Crab Cay faces the southern part of Stocking Island and Elizabeth Island,with the harbour in between. At the southern end of Crab Cay are the teeny Red Shanks Cays that line the entrance into the Red Shanks anchorages which are basically behind (in the lee of) Crab Cay. Very close behind Crab Cay is Great Exuma. When the wind blows out of the south or south-west boats often seek shelter in the more shallow, protected anchorages behind Crab Cay.
Basics: Big bucks ECO development on Crab Cay- now connected to Great Exuma by a lovely bridge that keeps boats like us from going there via the short route. $800 Million project budget. Several corporations involved- to be built to the highest standards.

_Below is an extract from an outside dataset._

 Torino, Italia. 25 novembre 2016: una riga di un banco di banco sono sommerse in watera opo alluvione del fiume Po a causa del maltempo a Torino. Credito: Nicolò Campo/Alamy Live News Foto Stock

Phase 1- stopped 2009. A marina for yachts to 300 ft and a Harbor Village with Resort and Spa was in process.. and that’s as far as it went. The marina basin dredged and pilings stacked on shore ready to use.
Sir William Walker Ruins: very little info on-line, but here’s what we found. S/v Little Sister had told us about the ruins years ago, but we never walked up.

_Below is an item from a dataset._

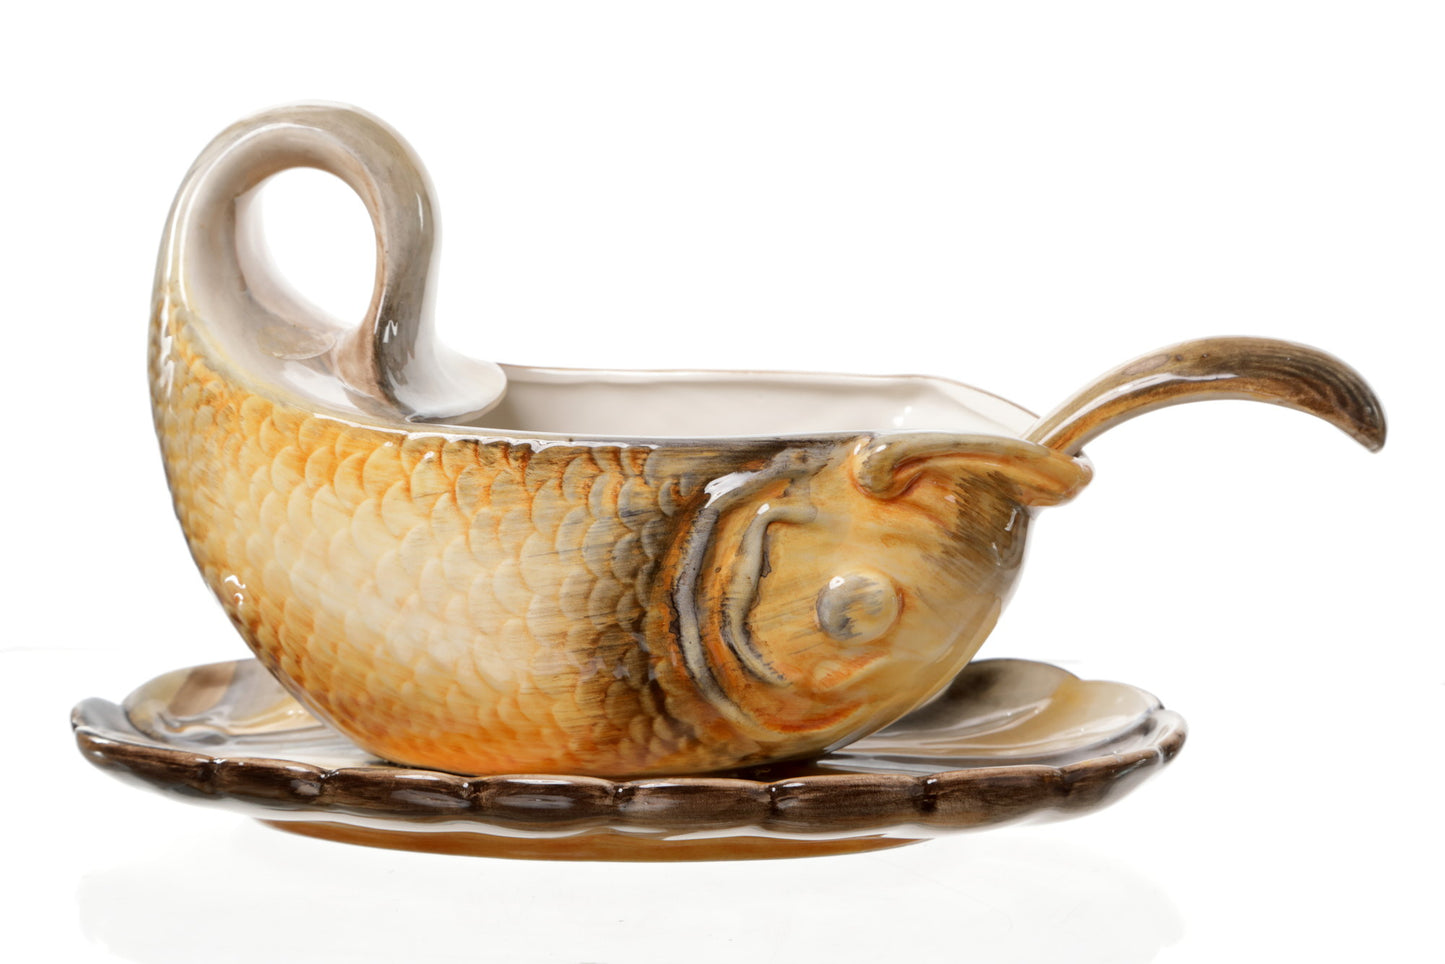 Ceramic fish service

So in one easy trip ashore we toured ruins- old and recent. The developers of Crab Cay planned to destroy the Walker Ruins- no surprise there but the one good thing the Bahamian govt did was to demand that the ruins be preserved, and access allowed to anyone. We saw obvious signs of shoring up walls and windows and of clearing the land of the main house area, as well as the short rocky path from the development’s road to the ruins.
Walker was a Loyalist who came here in the late 1700s and built a stone house and botanical garden atop Crab Cay. The trees and exotic plants were started from cuttings brought back to this area by Her Majesty’s Ships that traveled throughout the Atlantic and Pacific- think HMS Bounty. The house was impressive, considering the effort involved in building a stone structure on an island off an island in the 1700s! The site contained high stone walls, peaked entrance pillars surrounding a botanical garden, and circular platforms held cannons used to ward off……. Guess…. Pirates… of the Caribbean- right?
I think you might agree, after reading this and looking at the photos, that Sir William was far more successful than the ambitious developers of Crab Cay.